Verstöße bei alkoholisiertem Fahren führen zu schwerwiegenden behördlichen Maßnahmen und langwierigen Fristen. Wer sich fragt: Wann verjährt Führerscheinentzug wegen Alkohol?, muss wissen: Das genaue Verständnis der gesetzlichen Fristen hilft Betroffenen, die persönlichen und bürokratischen Konsequenzen einzuschätzen, bevor sie den Antrag auf Wiedererteilung stellen.

Wann verjährt Führerscheinentzug wegen Alkohol?

Ein entzogener Führerschein wegen Alkohol verjährt im eigentlichen Sinne nicht, und die Frage nach dem genauen Ablauf hängt von verschiedenen gesetzlichen Fristen ab, die oft für Verwirrung sorgen. Manchmal fragen sich Betroffene, wann verjährt Führerscheinentzug wegen Alkohol wirklich, ob sie nach einer gewissen Zeit einfach wieder Auto fahren dürfen, oder warum die Akten in Flensburg noch immer nicht leer sind. Die Antwort ist komplex, denn hier greifen mehrere Fristen ineinander, die von der Tilgung im Fahreignungsregister bis hin zur Anordnung einer Medizinisch-Psychologischen Untersuchung reichen.
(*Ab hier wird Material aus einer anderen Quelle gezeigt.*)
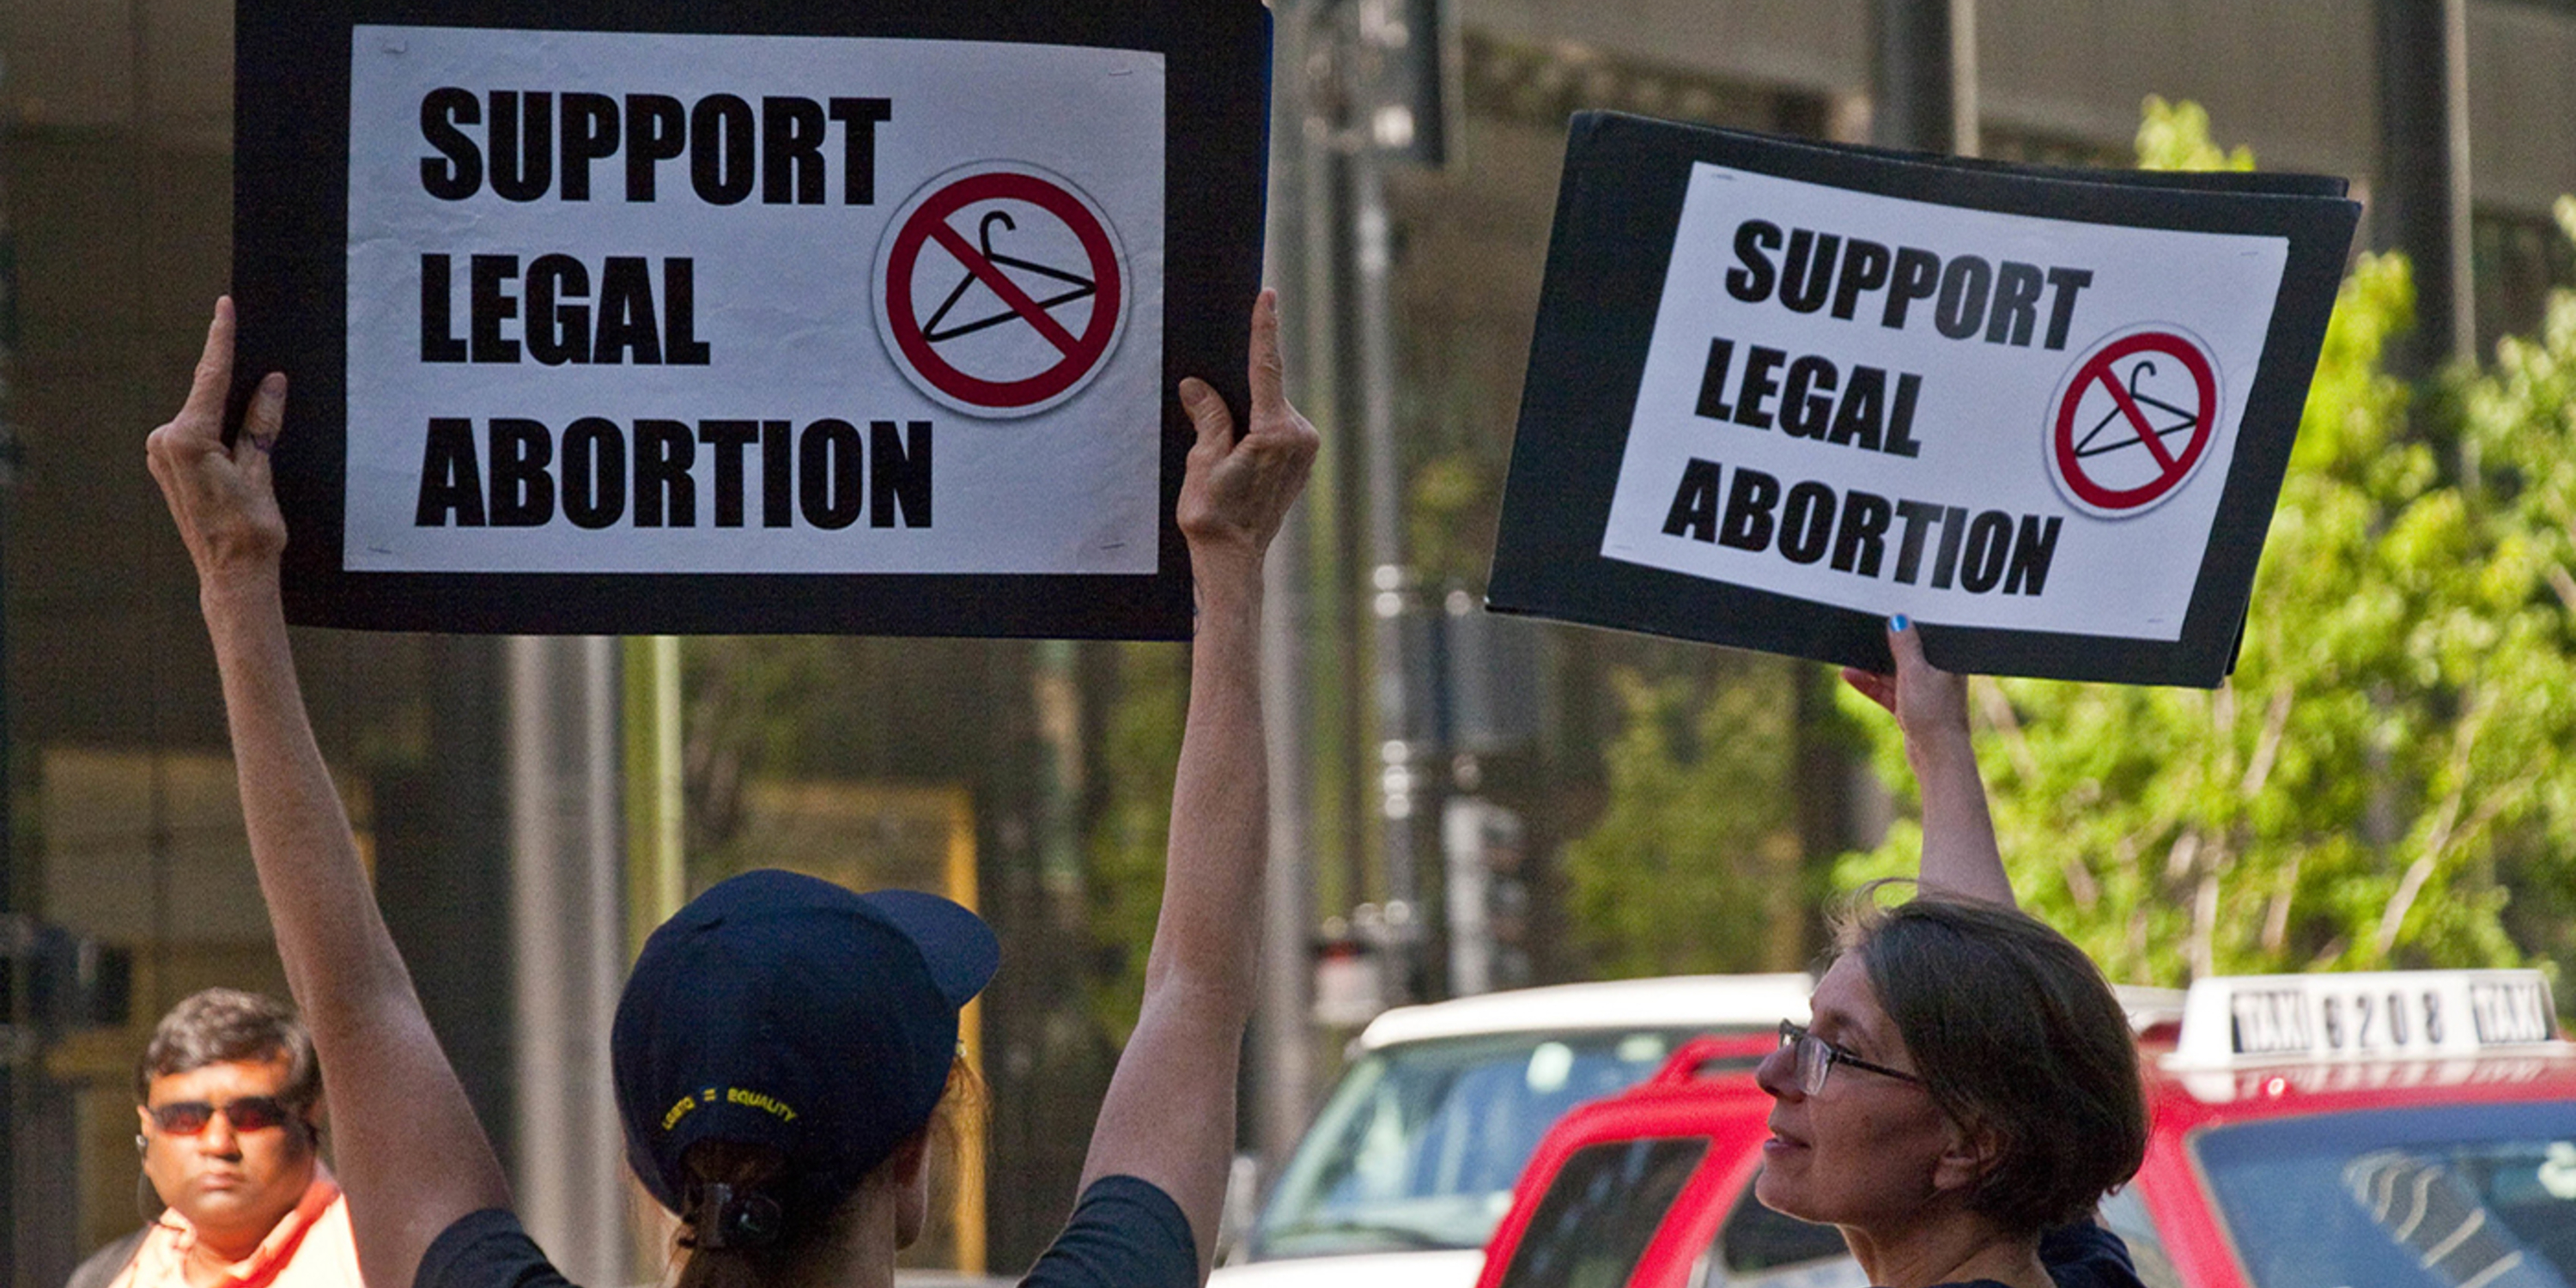 Pro-Choice demonstrators holding signs saying "Support Legal Abortion"

Hier ist die Sache: Wer wegen Trunkenheit im Verkehr verurteilt wurde, wartet nicht nur eine klassische Verjährungsfrist ab, sondern durchläuft ein mehrstufiges System aus Sperrfristen, Tilgungsfristen und Anlaufhemmungen. Das bedeutet, dass die eigentliche Löschung im Register ganz anders berechnet wird, als viele Autofahrer im Alltag annehmen.

Die Fristen im Detail: Tilgung, Anlaufhemmung und MPU-Pflicht

Die Tilgungsfrist Trunkenheitsfahrt Flensburg beträgt grundsätzlich zehn Jahre. Nach diesen zehn Jahren wird der Eintrag in Flensburg jedoch nicht sofort gelöscht, wenn neue Einträge hinzukommen oder bestimmte gesetzliche Hürden greifen. Hinzu kommt die sogenannte Anlaufhemmung von bis zu fünf Jahren, während der die Tilgung noch blockiert sein kann. Erst nach insgesamt fünfzehn Jahren nach der Entziehung der Fahrerlaubnis sind die Akten komplett bereinigt, und die zuständige Behörde darf keine MPU mehr fordern[2].

Die Rolle der Tilgungsfrist im Register

Nach zehn Jahren verschwindet die Trunkenheitsfahrt aus dem Register, vorausgesetzt, es gab in dieser Zeit keine neuen Verkehrsverstöße oder Straftaten, die die Frist verlängern. Diese Zehnjahresfrist bildet den ersten großen Meilenstein auf dem Weg zurück zum Führerschein ohne Auflagen.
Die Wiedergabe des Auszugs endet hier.